Smile-SA/gdpr-dump

Allowed memory size exhausted during dump

DanieliMi opened this issue ยท 22 comments

Preconditions

GdprDump Version: 2.2.0

PHP Version: 7.4.25

Database Version: 10.3.31-MariaDB-0ubuntu0.20.04.1 Ubuntu 20.04

Steps to reproduce

  1. Shopware 6 database
  2. Config:
    gdpr-dump.yml
database:
    host: '%env(DATABASE_HOST)%'
    port: '%env(DATABASE_PORT)%'
    user: '%env(DATABASE_USER)%'
    password: '%env(DATABASE_PASSWORD)%'
    name: '%env(DATABASE_NAME)%'

dump:
    hex_blob: true
    skip_definer: true

tables:
    acl_user_role:
        truncate: true
    cart:
        truncate: true
    customer:
        truncate: true
    customer_address:
        truncate: true
    customer_recovery:
        truncate: true
    dead_recovery:
        truncate: true
    enqueue:
        truncate: true
    google_shopping_account:
        truncate: true
    google_shopping_merchant_account:
        truncate: true
    integration:
        truncate: true
    log_entry:
        truncate: true
    message_queue_stats:
        truncate: true
    newsletter_recipient:
        truncate: true
    order:
        truncate: true
    order_address:
        truncate: true
    order_customer:
        truncate: true
    product_review:
        truncate: true
    refresh_token:
        truncate: true
    scheduled_task:
        truncate: true
    user:
        truncate: true
    user_recovery:
        truncate: true
    version:
        truncate: true
    version_commit:
        truncate: true
    version_commit_data:
        truncate: true
  1. Create dump: gdpr-dump gdpr-dump.yaml | sed 's$VALUES ($VALUES\n($g' | sed 's$),($),\n($g' > sql/master.sql

Expected result

A dump is created.

Actual result

PHP Fatal error

PHP Fatal error:  Allowed memory size of 4294967296 bytes exhausted (tried to allocate 20480 bytes) in phar:///usr/local/bin/gdpr-dump/src/Database/TableDependencyResolver.php on line 2
Fatal error: Allowed memory size of 4294967296 bytes exhausted (tried to allocate 20480 bytes) in phar:///usr/local/bin/gdpr-dump/src/Database/TableDependencyResolver.php on line 2

I'll try to clone the repo and debug into the TableDependencyResolver. It seems to me there might be an cyclic dependencies.

When I remove

    user:
        truncate: true

I am getting the following error:

SQLSTATE[21000]: Cardinality violation: 1241 Operand should contain 1 column(s)
SET autocommit=0;

When removing

    order:
        truncate: true

as well it works just fine. I am a bit confused in how I can figure out what the problem is with those tables.

amenk commented

Debugging this together with Daniel...

It is possible with

SELECT *
FROM INFORMATION_SCHEMA.KEY_COLUMN_USAGE
WHERE REFERENCED_TABLE_NAME = 'user'
AND CONSTRAINT_SCHEMA = 'your_database_goes_here'
GROUP BY TABLE_NAME

to find out the forein keys.

But adding all the tables returned here (and the same for orders) also does not help.

amenk commented

The problem is in this recursive function.

If we add

|| isset($resolved[$dependencyTable][$tableName])

to

if ($dependencyTable === $tableName) {

the resolver seems to finish but another problem appears.
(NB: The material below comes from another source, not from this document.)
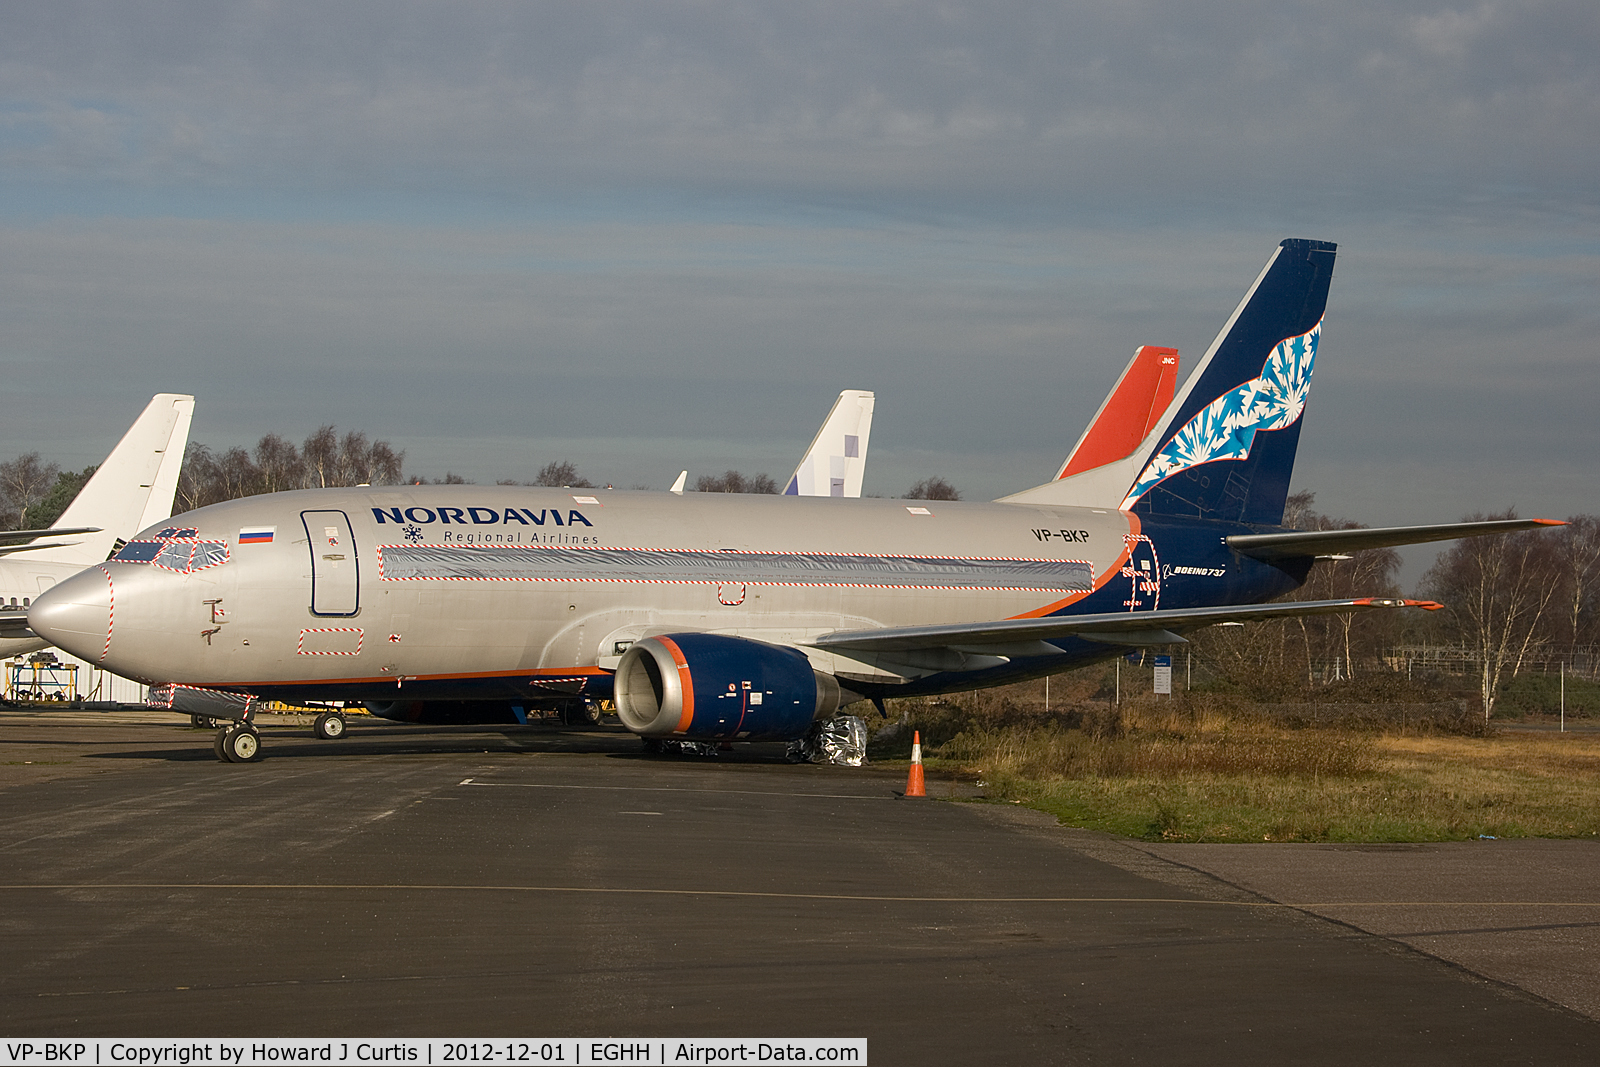 VP-BKP, 1991 Boeing 737-59D C/N 25065, Ex Nordavia, now in store here.

Current assumption is that it is not detecting cyclic dependencies which are like A -> B -> A but only A -> A.

Because we have

  • sales_channel_domain -> sales_channel

and also

  • sales_channel -> sales_channel_domain

@guvra Question: What is the purpose of the foreign key resolving? If we just do nothing in the fuction (return $resolved;) at the beginning a dump is created, but we do not know how consistent it is.

We created text file of the foreign-key-relations for the graphviz tool and ran the nodes echod in that function through sort and uniq, then visualized with dot

This is a schema of the dependencies:
dependencies

When trying to avoid adding a dependency that has been already resolve like this:

            // Detect cyclic dependencies
            if ($dependencyTable === $tableName || isset($resolved[$dependencyTable][$tableName])) {
                continue;
            }

We're getting the following error:

Fatal error: Allowed memory size of 4294967296 bytes exhausted (tried to allocate 20480 bytes) in vendor/doctrine/dbal/lib/Doctrine/DBAL/Query/Expression/CompositeExpression.php on line 76
PHP Fatal error:  Allowed memory size of 4294967296 bytes exhausted (tried to allocate 20480 bytes) in vendor/doctrine/dbal/lib/Doctrine/DBAL/Query/Expression/CompositeExpression.php on line 76
guvra commented

Hi,

When gdpr-dump removes rows (truncate: true or limit: xx), it also removes all related rows from other tables.

Table dependencies are resolved in the class TableDependencyResolver.
The rows are then filtered out in the class TableFilterExtension.

Cyclic dependencies are detected to avoid infinite loops.
However, only cyclic dependencies on the same table are detected (table with a foreign key on itself).

The situation where two tables depend on each other is not currently detected by the dependency resolver.

So to solve this problem, you need to either update the table dependency resolver, or disable the table filter extension (there's not config for that yet, it has to be done manually in the code).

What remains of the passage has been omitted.